Either way, the incentives to tell the truth and talk to Americans like grown-ups are minimal.

Unfortunately, I have to agree. The Village of course is aiding and abetting this. This is exactly why I said months ago that the President had to get health care reform done before the August recess. Now the debate has devolved into poo-flinging and scare tactics.

And health care reform is dying one news cycle at a time.

4 comments:

Dr. J. Robert Asten said...

Are liberals behaving in the same manner they loathed throughout the Bush Administration, either you support all their initiatives on healthcare, or you don't want reform? I wish they'd have been so accomodating on the PATRIOT Act.

Even Eugene Robinson, no friend of conservatives by any means, takes issue with Section 1233, that mandates end-of-life counseling sessions with the elderly and mentally ill, supposedly to cut costs.

Robinson seems to acknowledge a problem with government selling hospice care to vulnerable patients and believes it sounds like a softer way of telling the elderly and mentally ill that they've become burdensome, so how would you characterize that? It's a blatant attempt to limit choices patients have in advance care planning.

Zandar said...

But hey keep changing the subject from Gingrich fully supporting Medicare reimbursement a couple months ago to telling death panel stories.

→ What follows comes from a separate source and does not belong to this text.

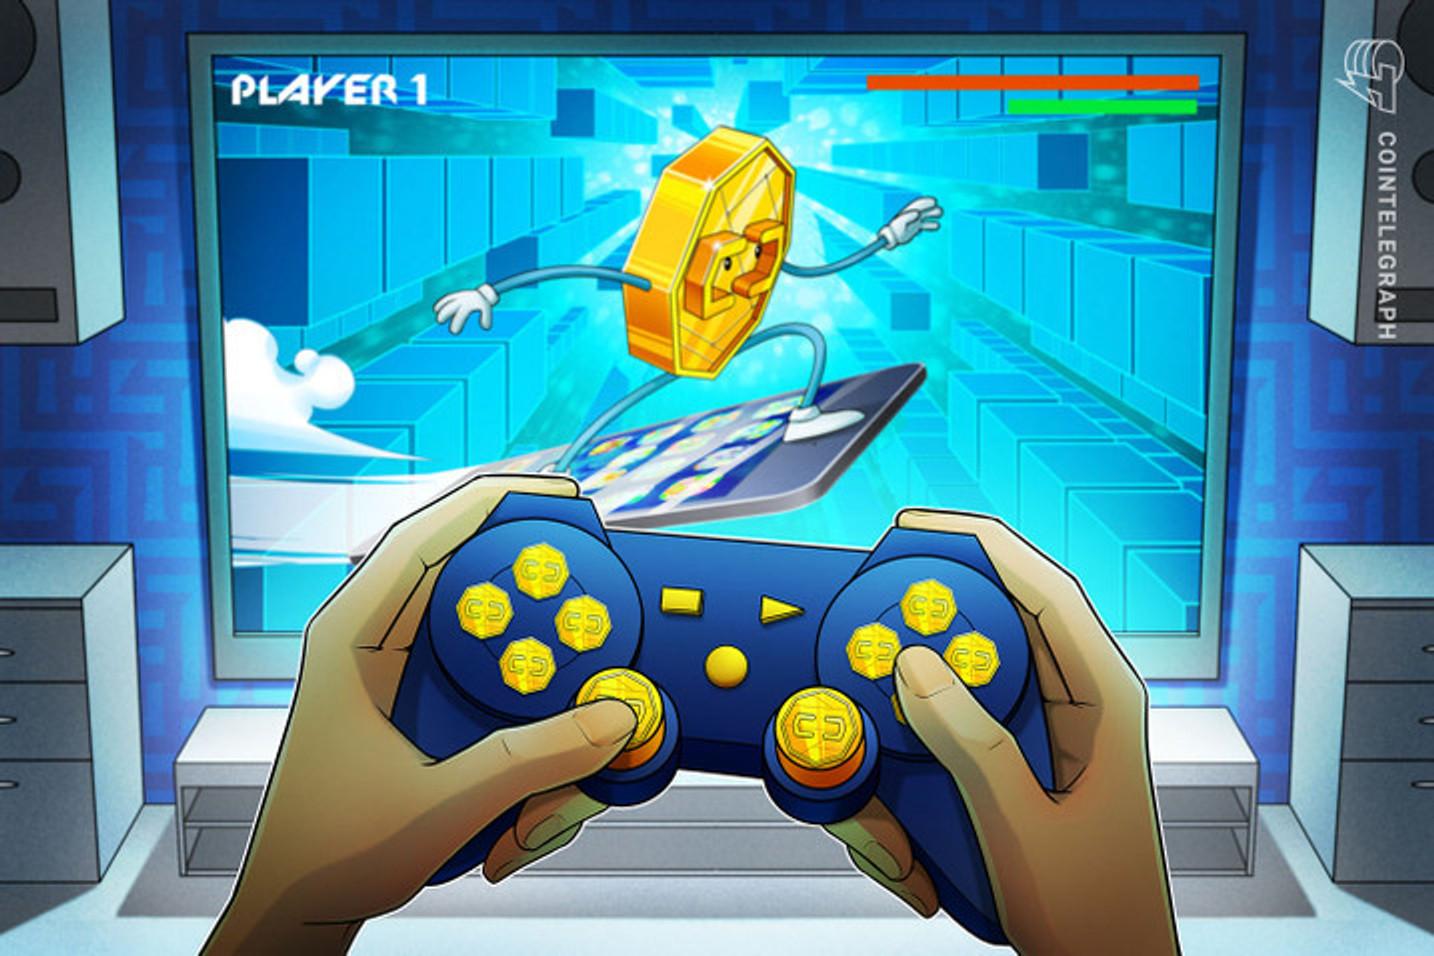 Museu do Ipiranga vai promover festival de games com prêmio de US$ 2 mil na moeda WiBX

Dr. J. Robert Asten said...

No, the program that Gingrich was supporting is a private healthcare system. Section 1233 mandates end-of-life counseling every five years, under the guidance of a trained healthcare official. The insurance plans must also be backed by the Health Choices Commissioner. Perhaps Stephanopolous and Taibbi didn't read that section of the House bill. Taibbi's comparison of the two is mixing apples and oranges.

Zandar said...

How does Section 1233 mandate any such thing? Where is this mandate? Everything I have read indicates that the bill merely makes such counseling reimbursable, and will cover such counseling, should you choose to seek it, once every five years.

Once again, I fail to see how this is mandatory in any way.